### TASK TO COMPLETE
Print, exactly as they stand, the lines below from the one that has "I have 2 kids in case one dies - Mug" to the one that has "Women's rose pink", inclusive, leaving out the pictures.

--- RECORDS SHOWN Enclosed Below ---

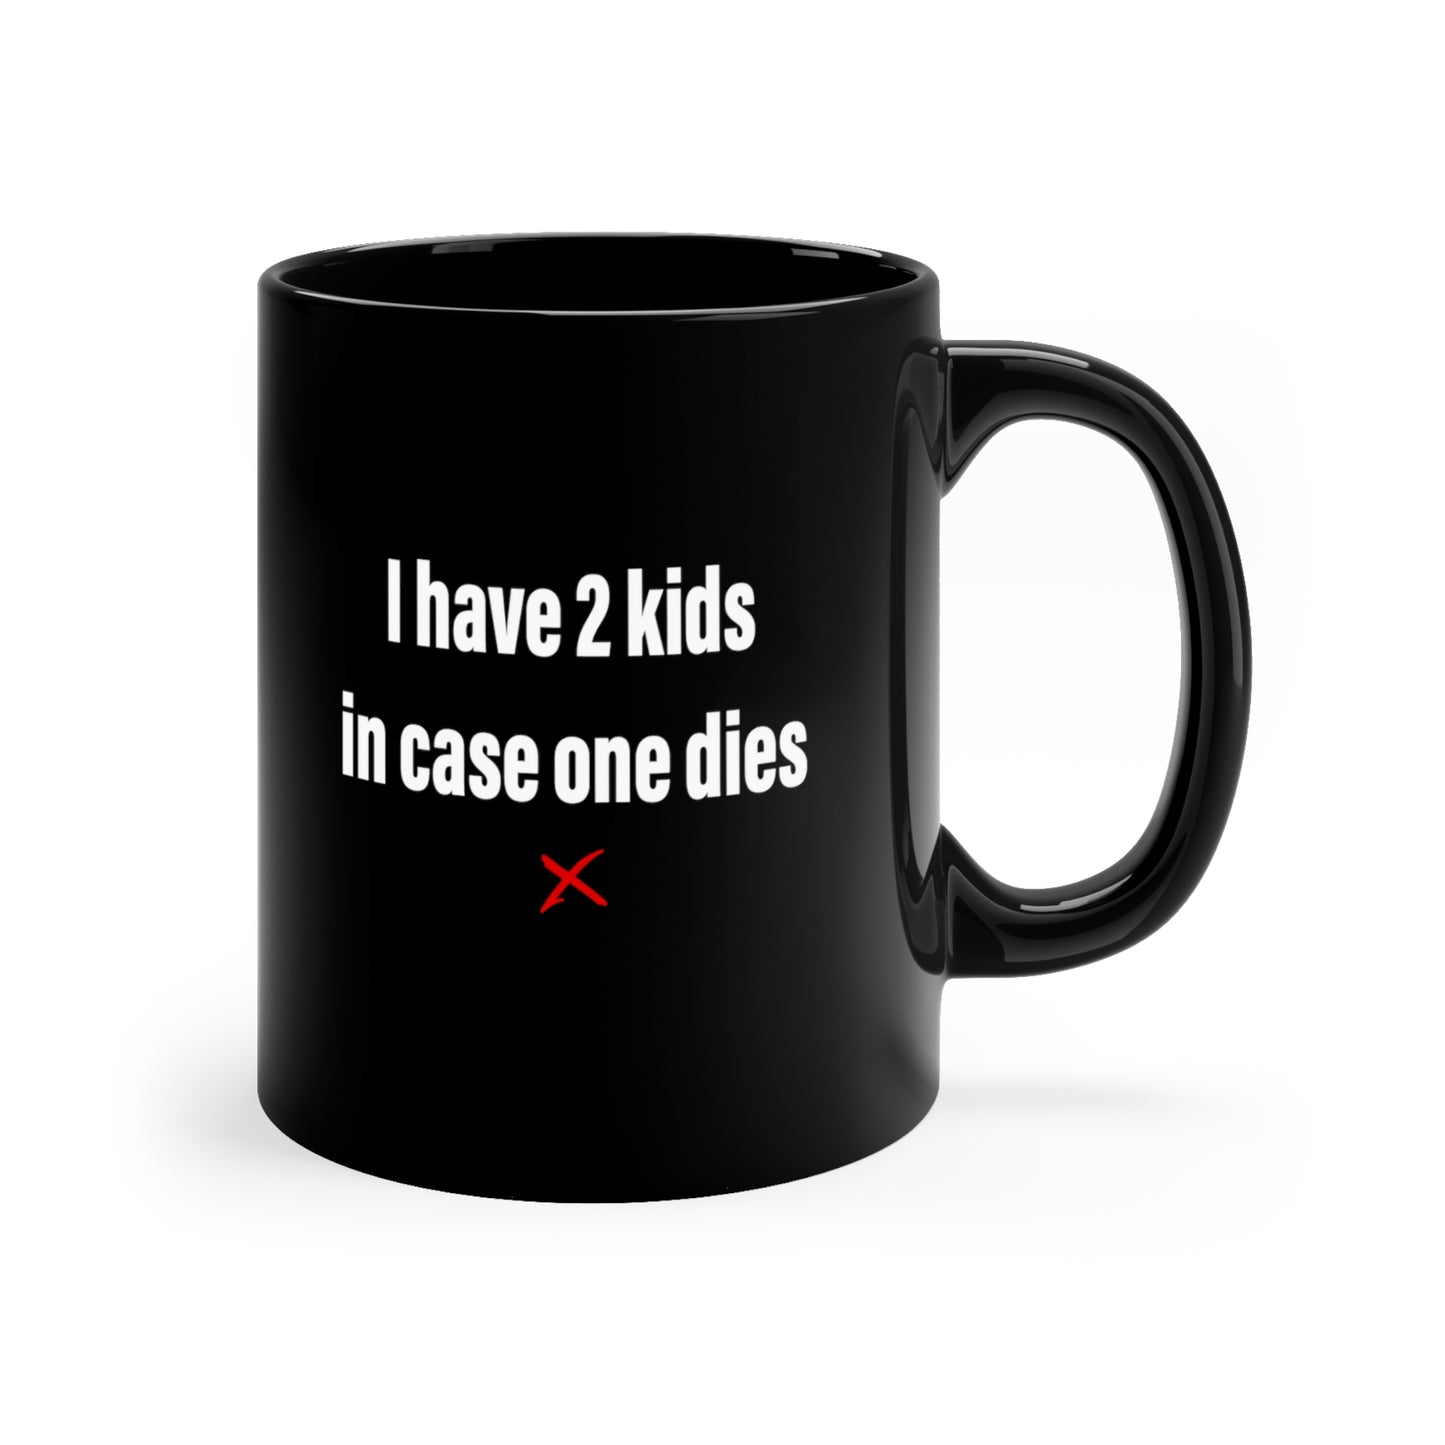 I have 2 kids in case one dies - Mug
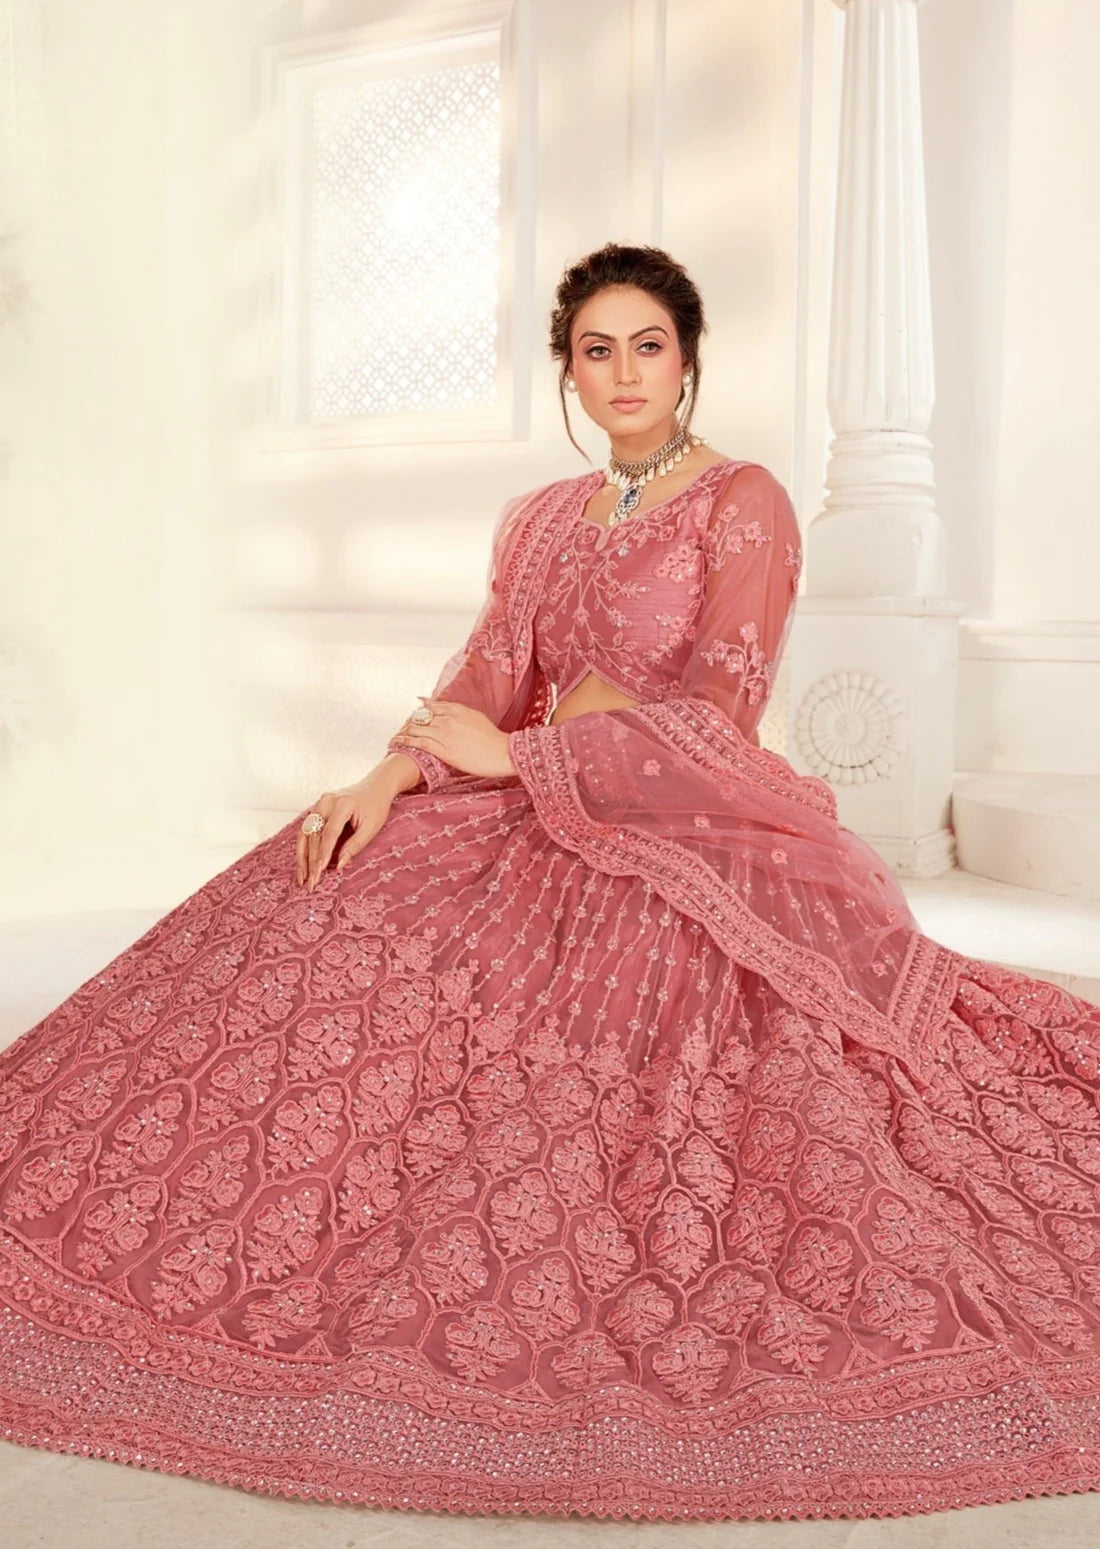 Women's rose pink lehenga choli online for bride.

--- End of Enclosed RECORDS SHOWN ---
--- RECORDS SHOWN Enclosed Below ---

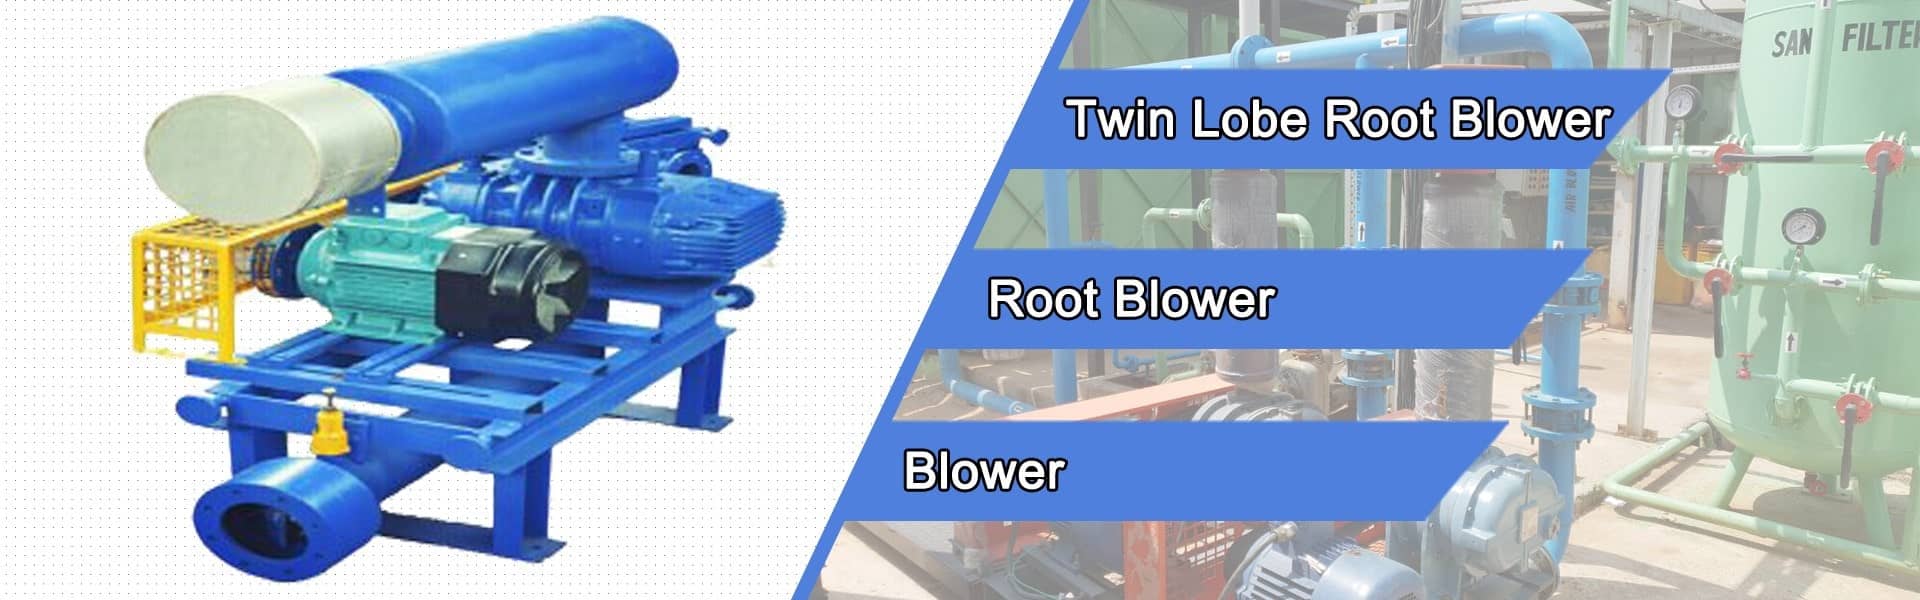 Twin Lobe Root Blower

--- End of Enclosed RECORDS SHOWN ---
--- RECORDS SHOWN Enclosed Below ---

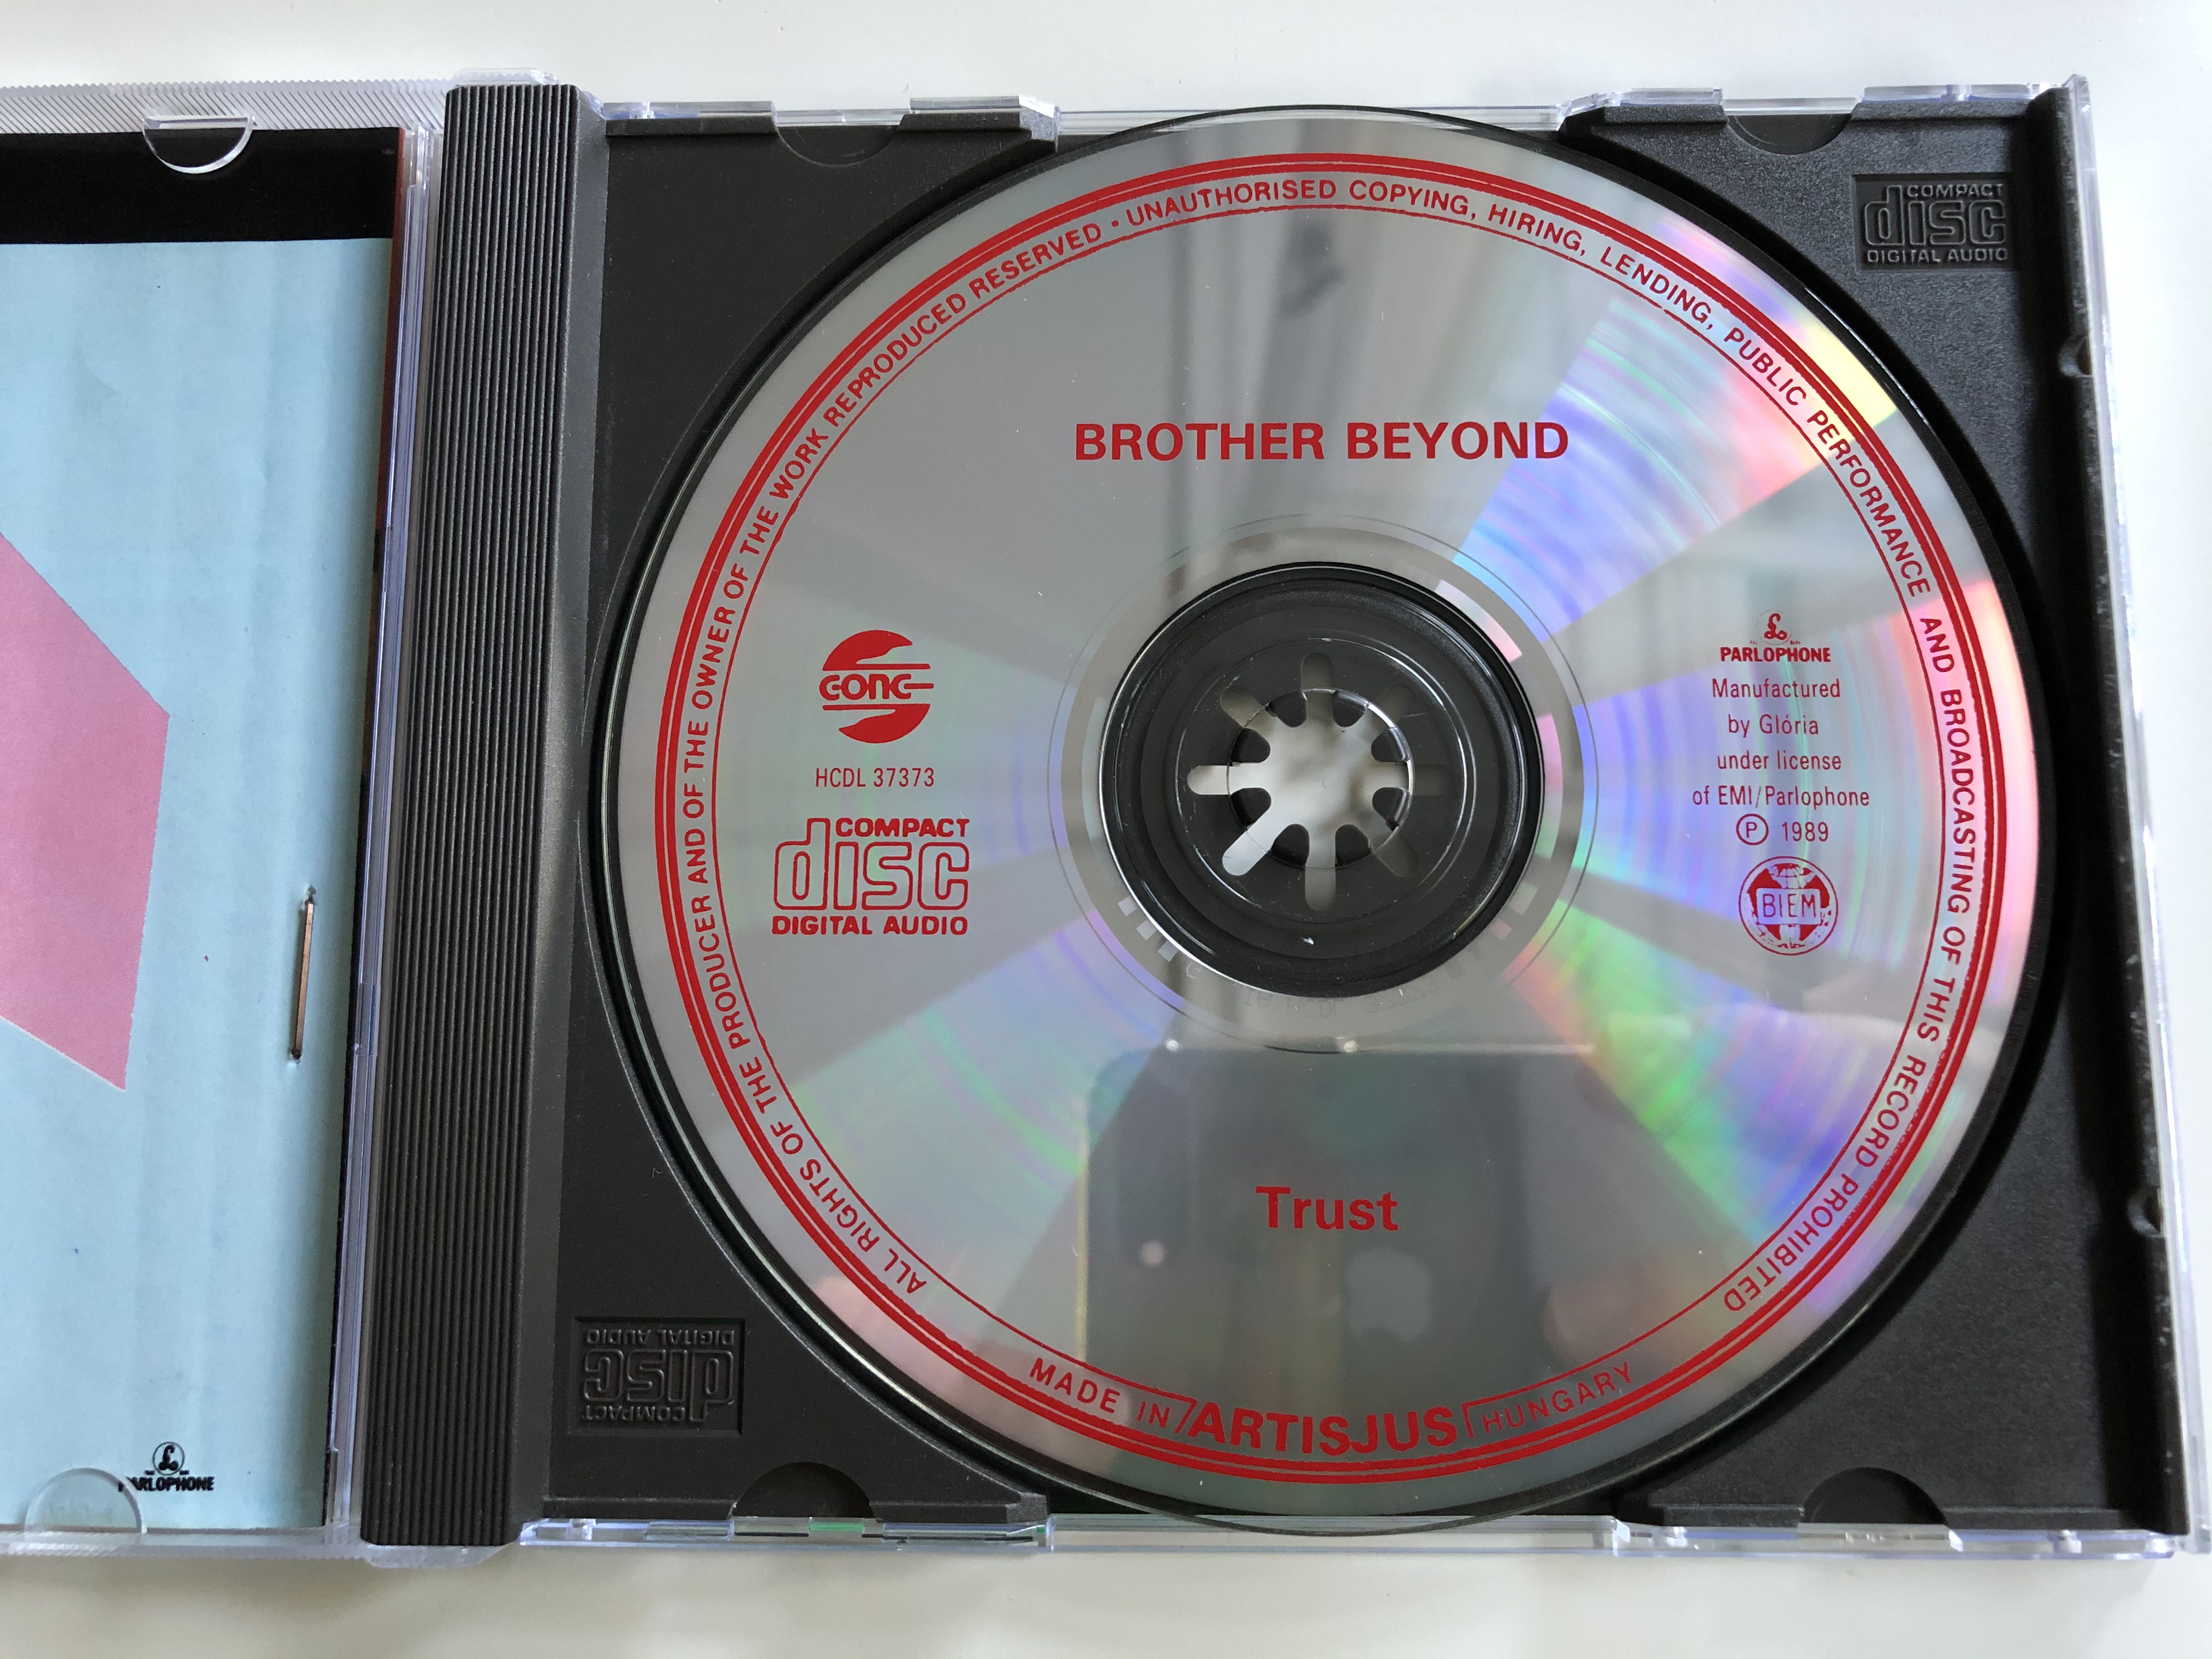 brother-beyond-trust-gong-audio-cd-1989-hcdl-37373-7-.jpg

--- End of Enclosed RECORDS SHOWN ---

### RESPONSE FOR THIS EXERCISE
 I have 2 kids in case one dies - Mug
 Women's rose pink lehenga choli online for bride.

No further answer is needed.